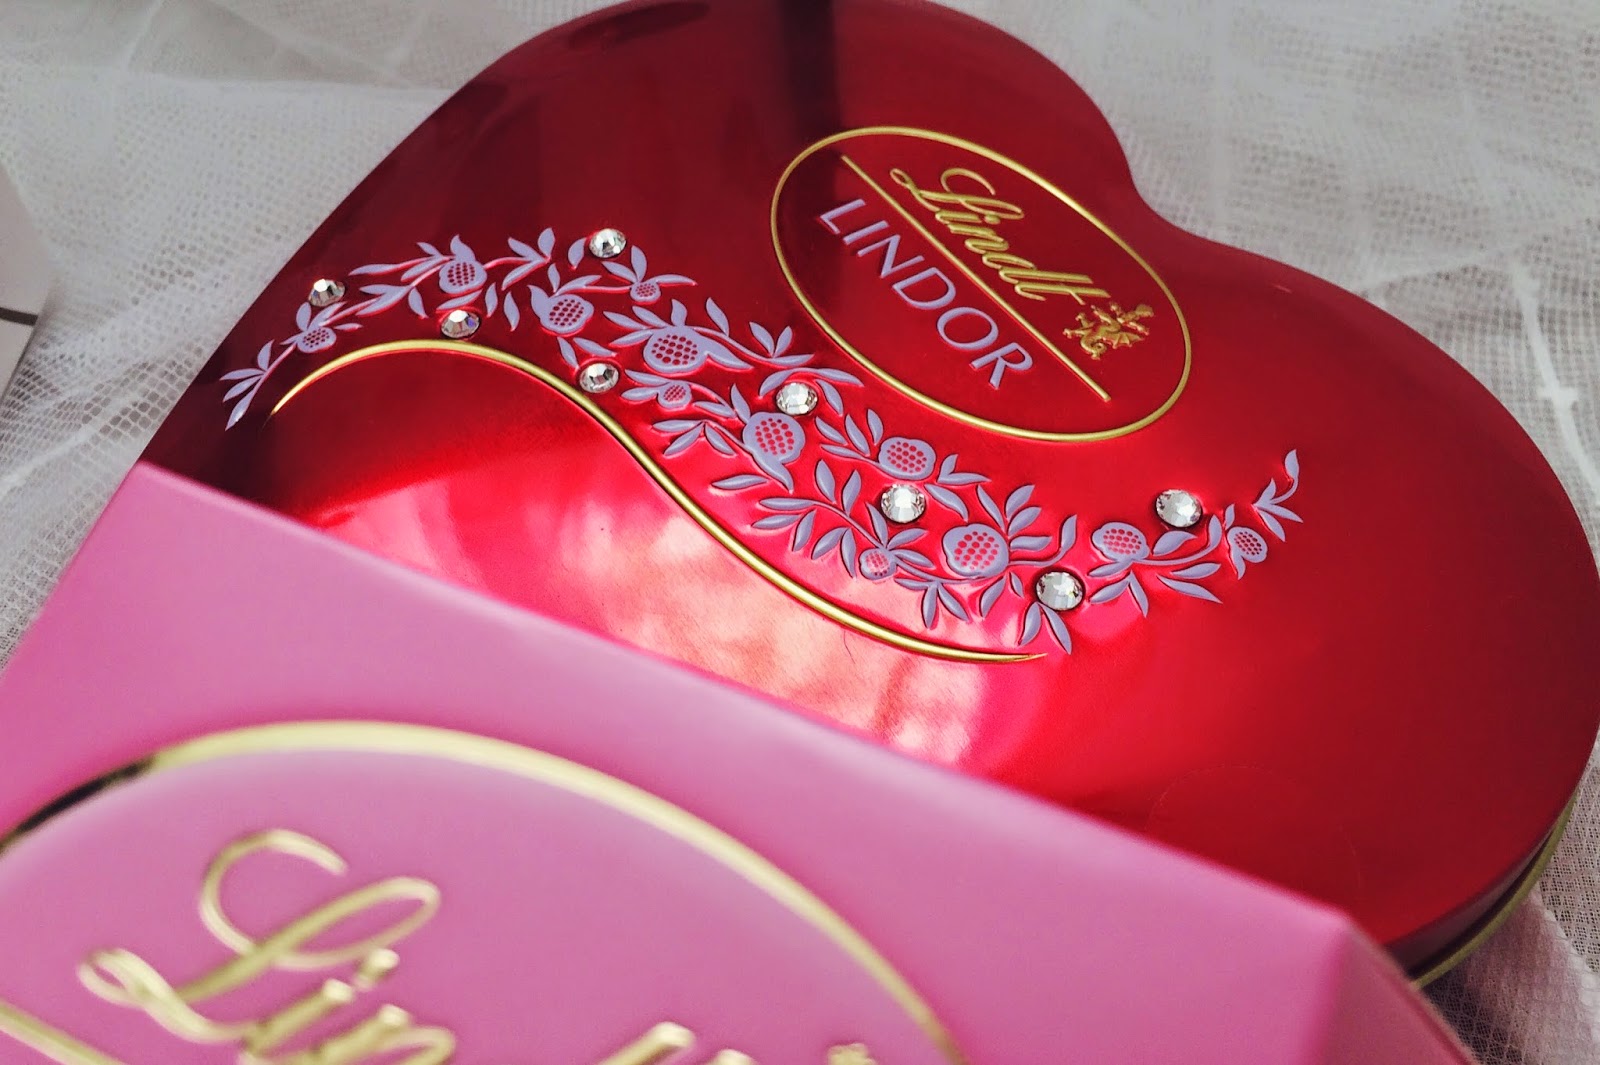 FashionFake, Valentines Day gift guide blog, UK lifestyle bloggers, UK food bloggers, Lindt chocolates, Lindor chocolates
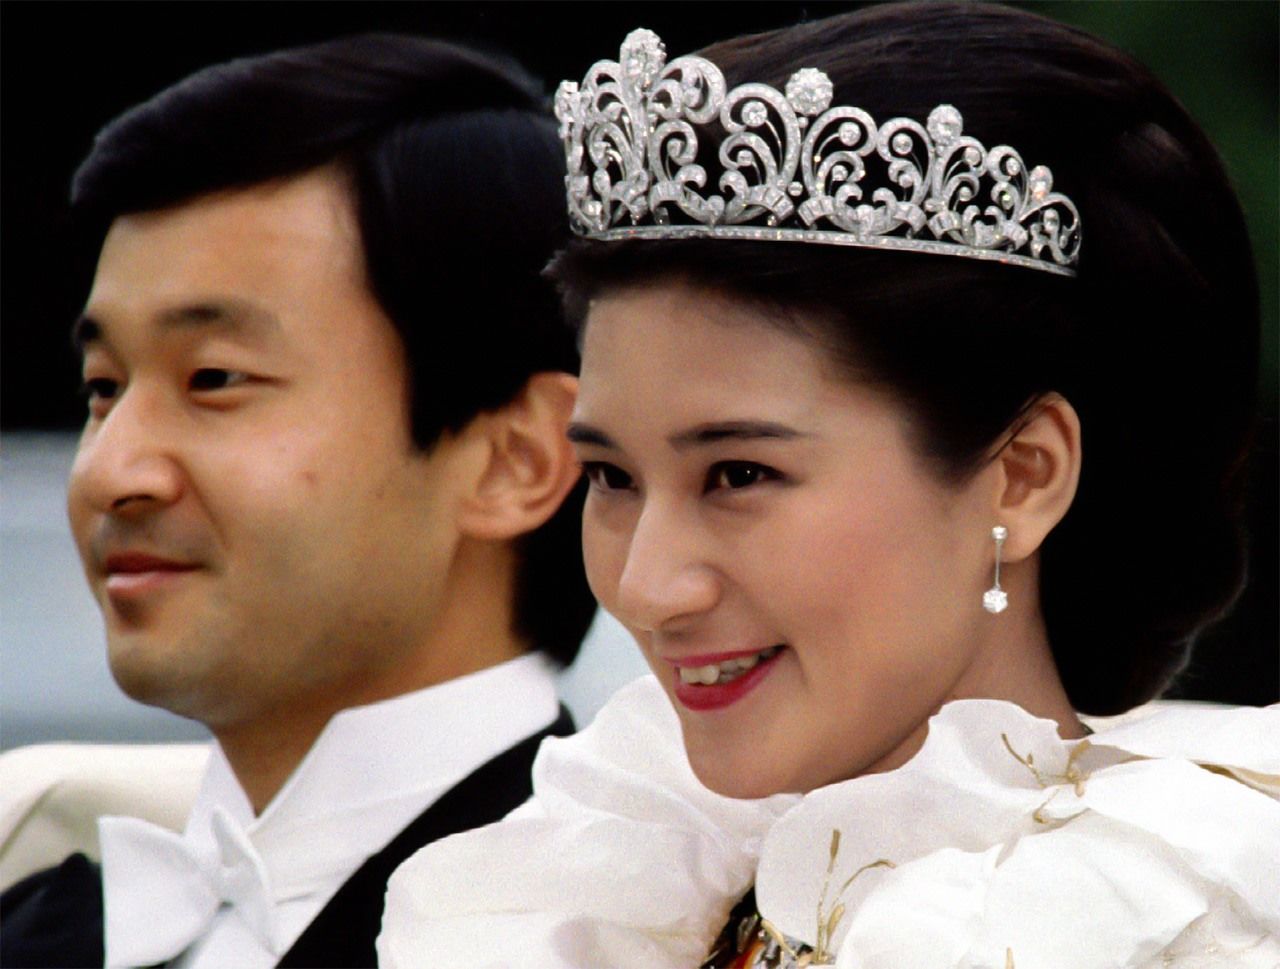 ولي العهد الأمير ناروهيتو والأميرة ماساكو في حفل زفافهما في يونيو/ حزيران 1993. رويترز.
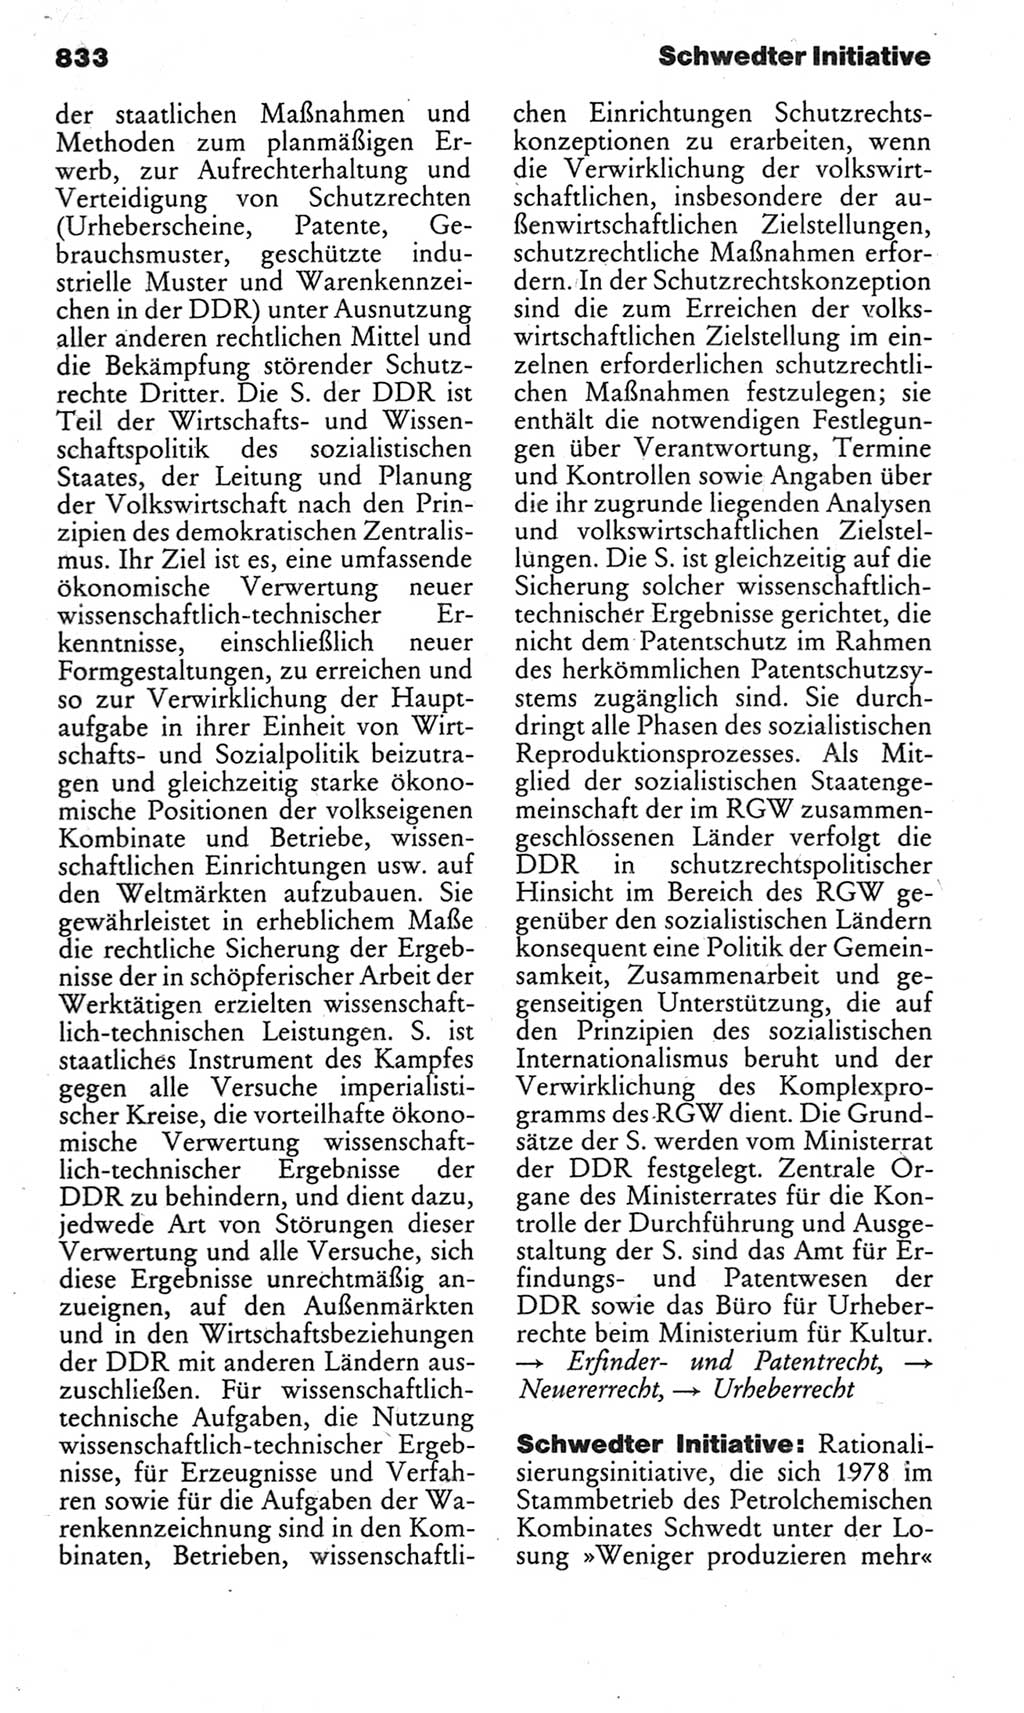 Kleines politisches Wörterbuch [Deutsche Demokratische Republik (DDR)] 1983, Seite 833 (Kl. pol. Wb. DDR 1983, S. 833)
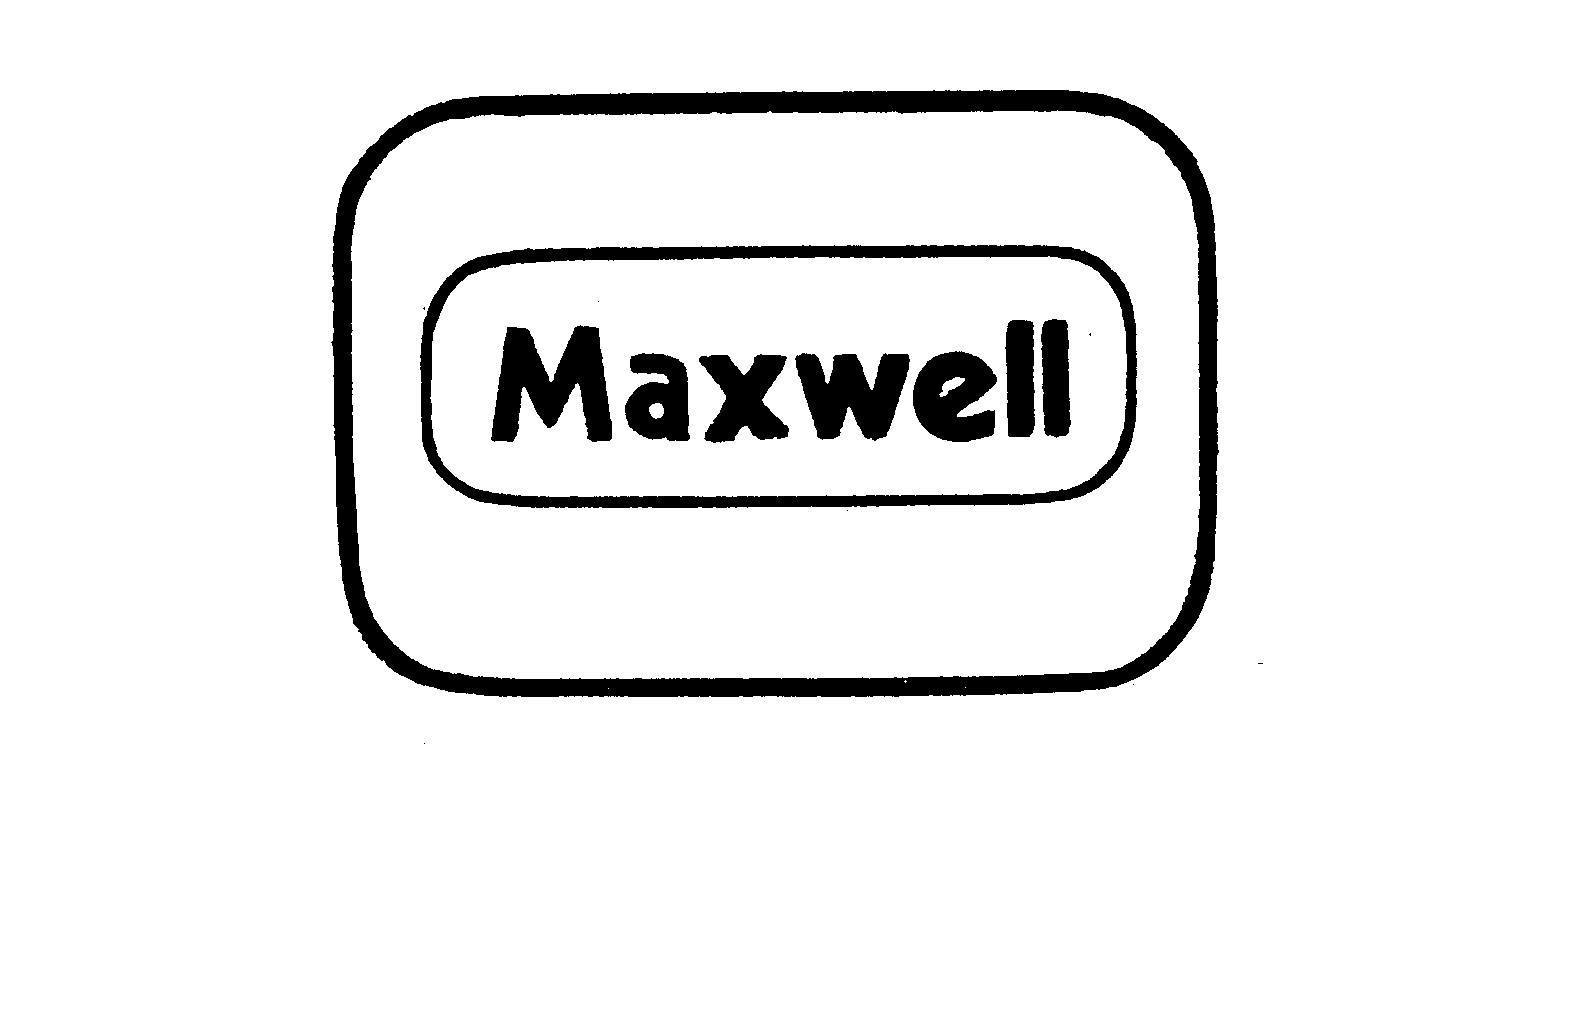  MAXWELL

----------

**What the exercise asks**
Retype only the lines from the line with "Kleines politisches Wörterbuch" through the last line of the data. Keep both ends and skip the pictures.

**Output of the task**
 Kleines politisches Wörterbuch [Deutsche Demokratische Republik (DDR)] 1983, Seite 833 (Kl. pol. Wb. DDR 1983, S. 833)
  MAXWELL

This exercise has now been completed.